▶ [Your goal]: The answer is to be the data that follows, transcribed exactly, minus its pictures.

[Recorded data — start]

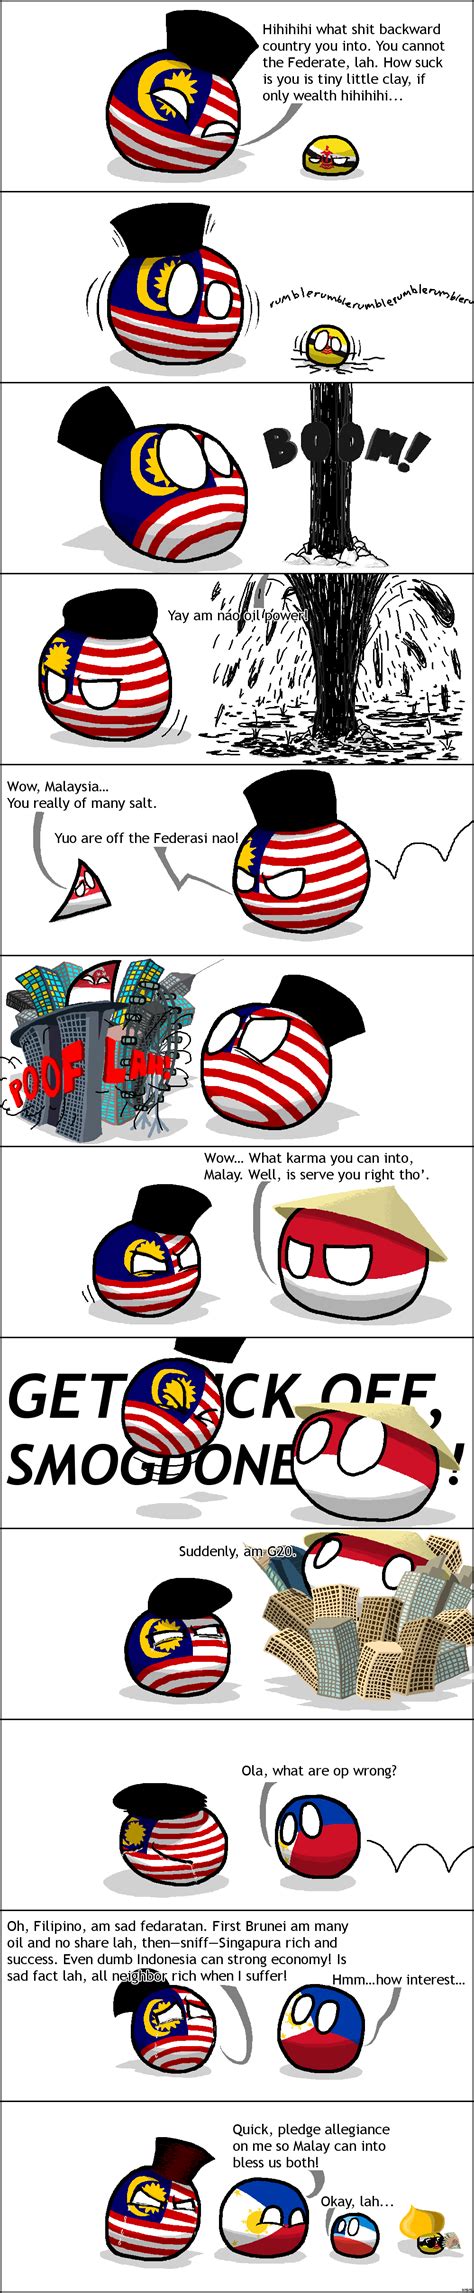 malaysia s lament polandball
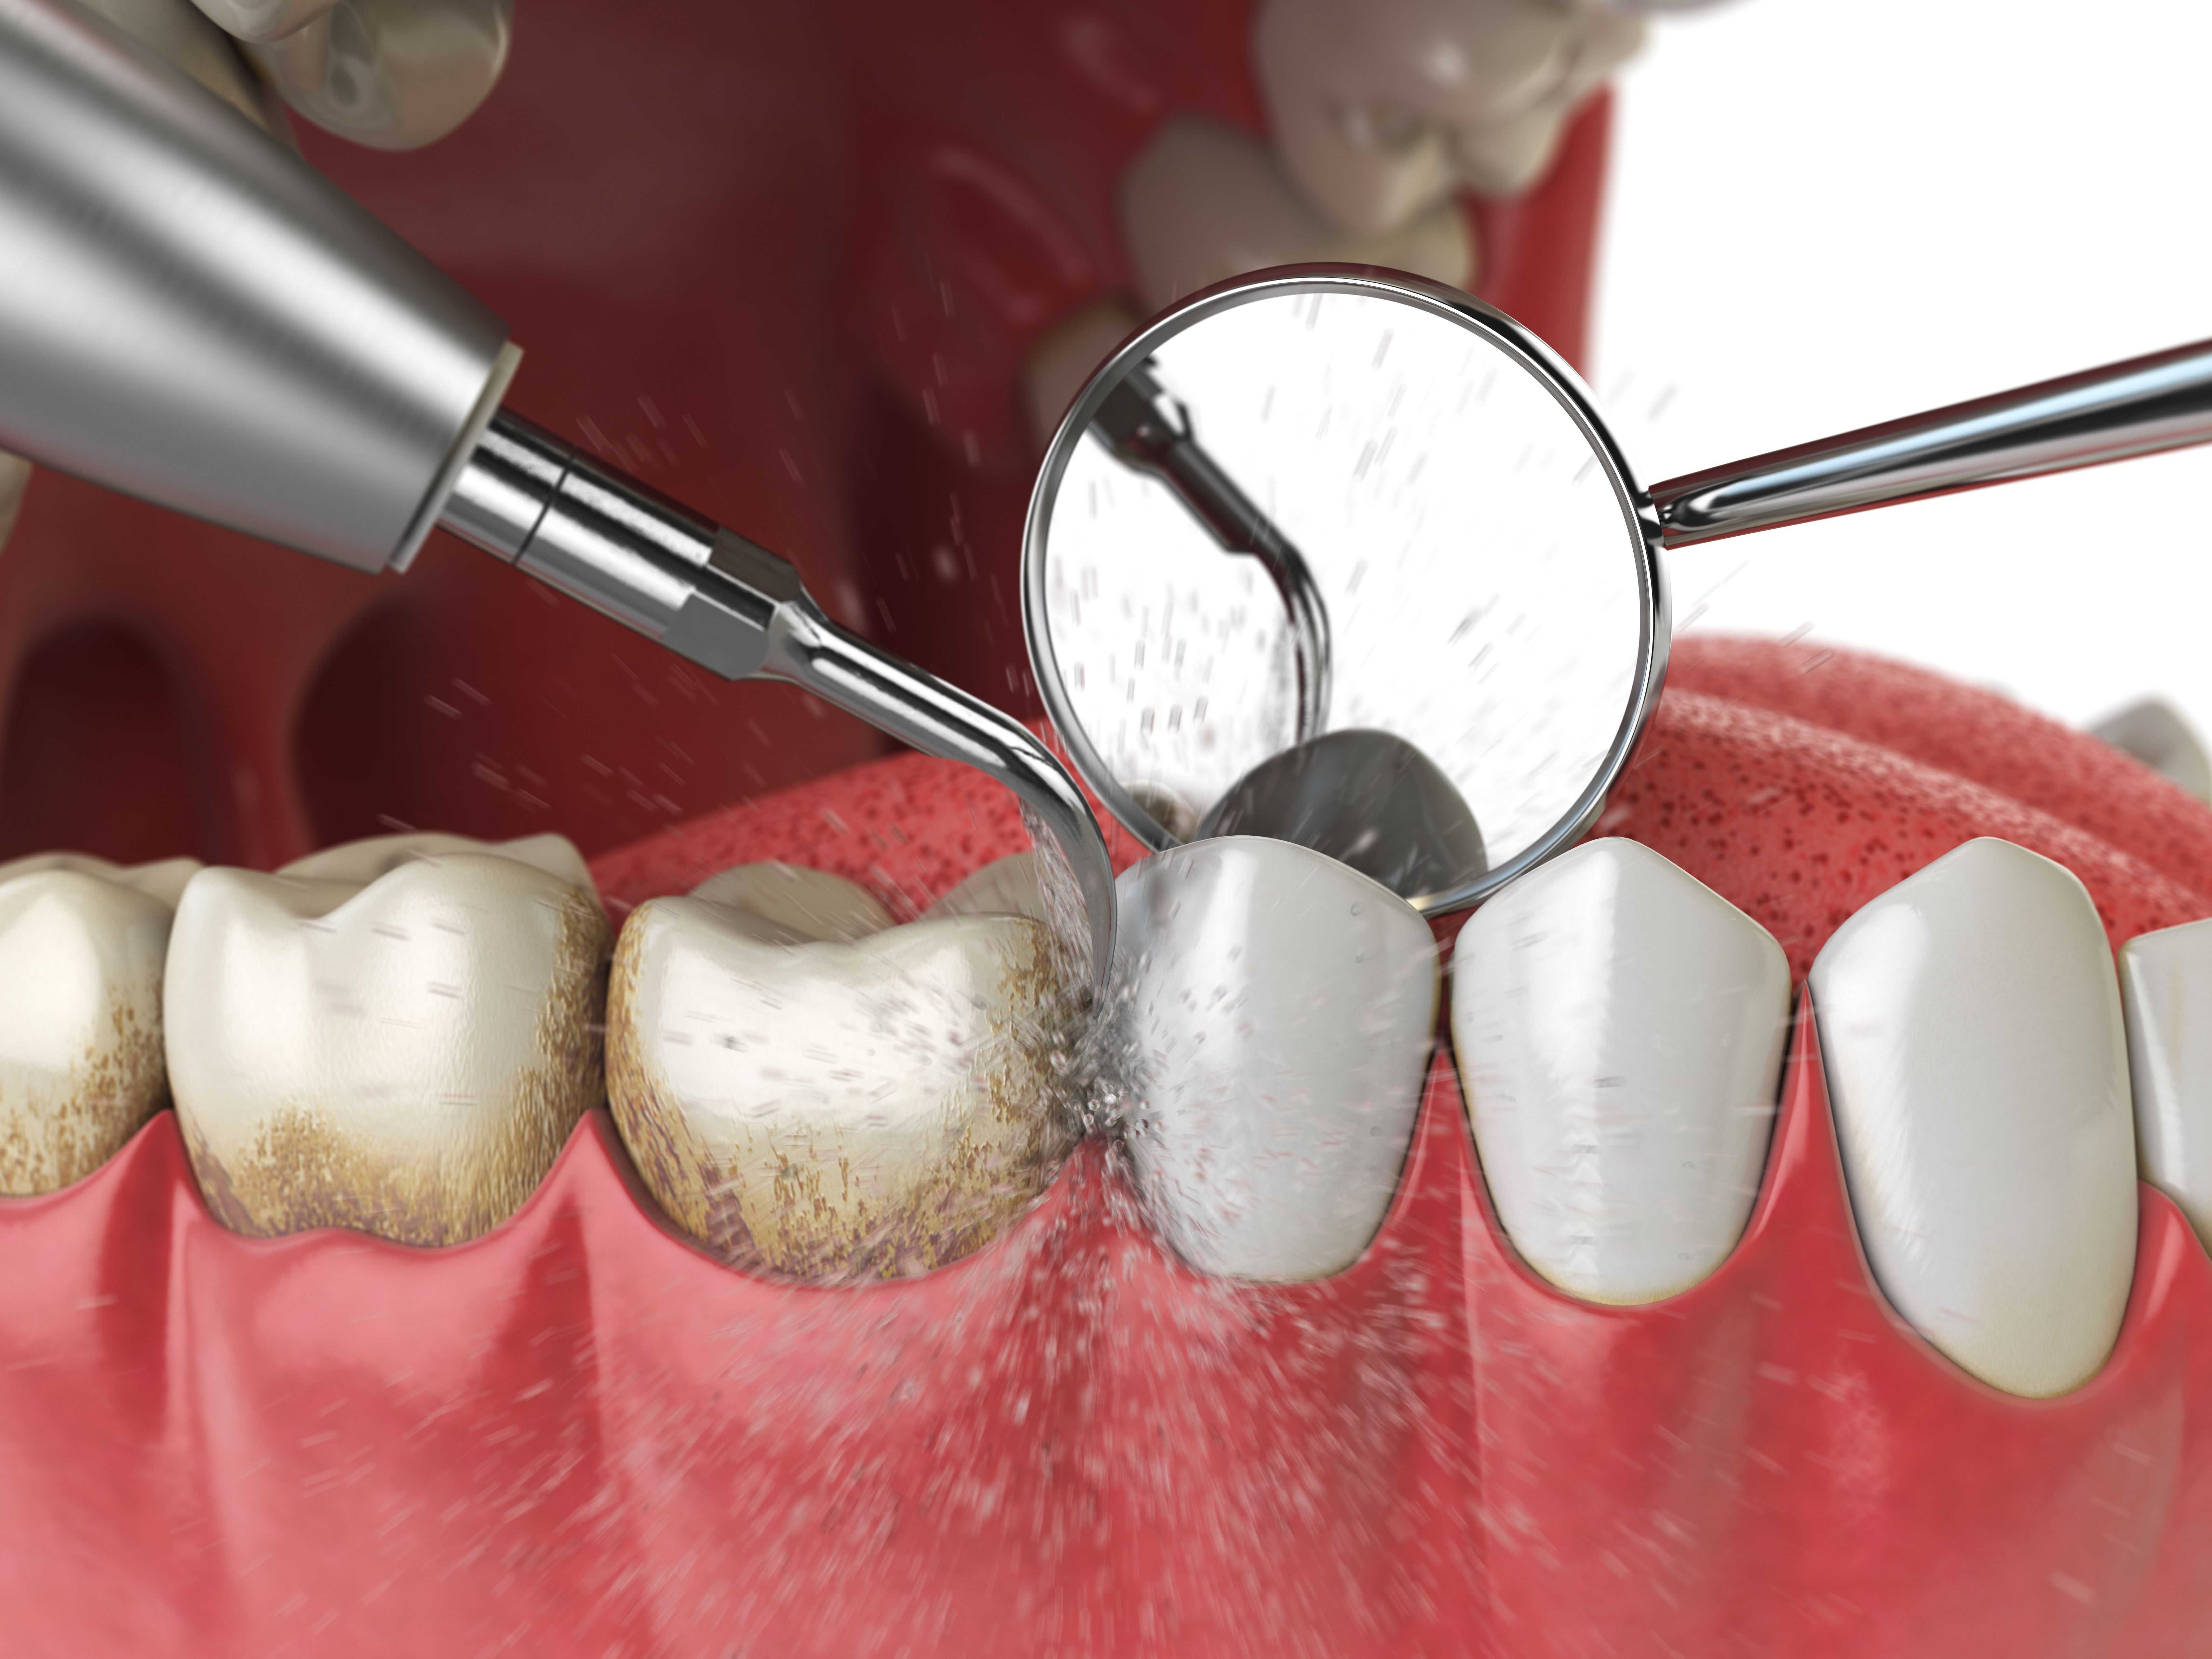 5 Types of Dental Cleanings
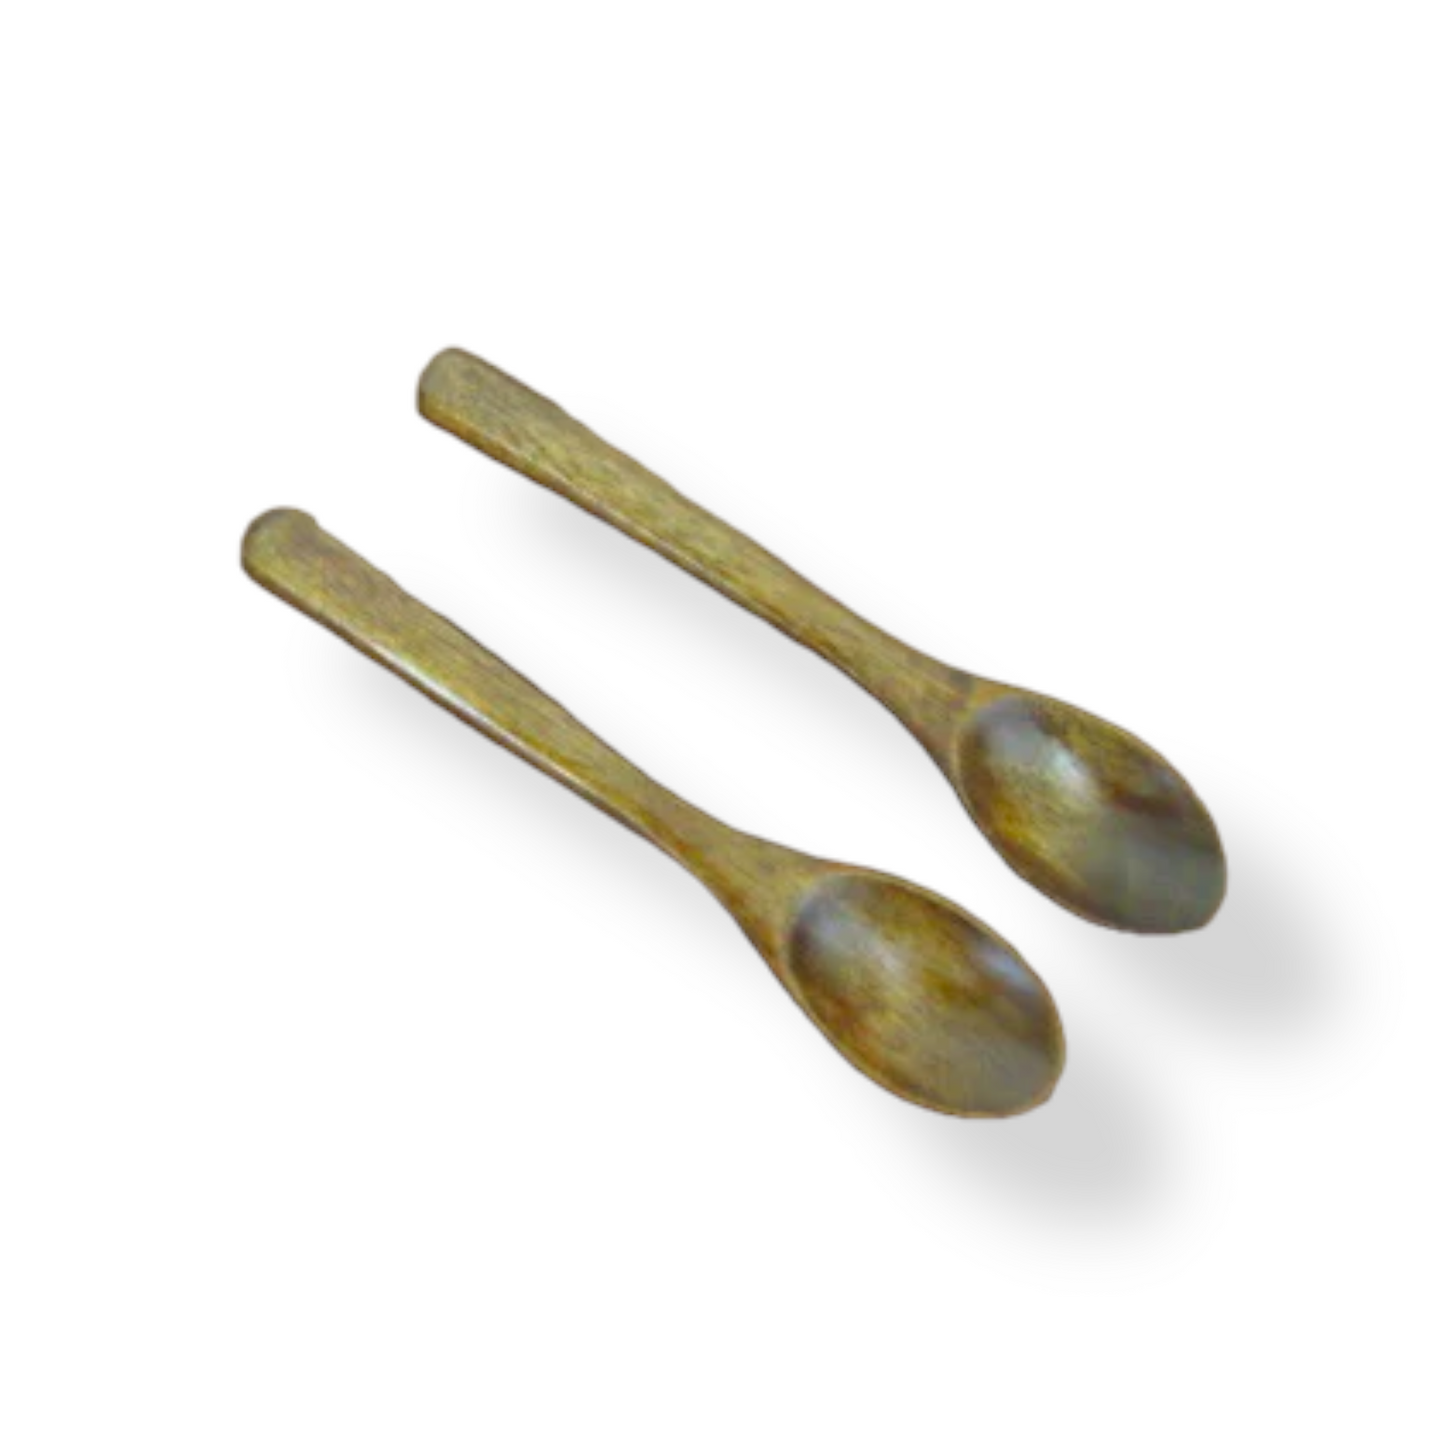 Set of 2 small wooden Spoons for salt sugar or spices - Lunaz Shop

[Recorded data — finish]

▶ [Solved problem]:
 malaysia s lament polandball
 5 Types of Dental Cleanings
 Set of 2 small wooden Spoons for salt sugar or spices - Lunaz Shop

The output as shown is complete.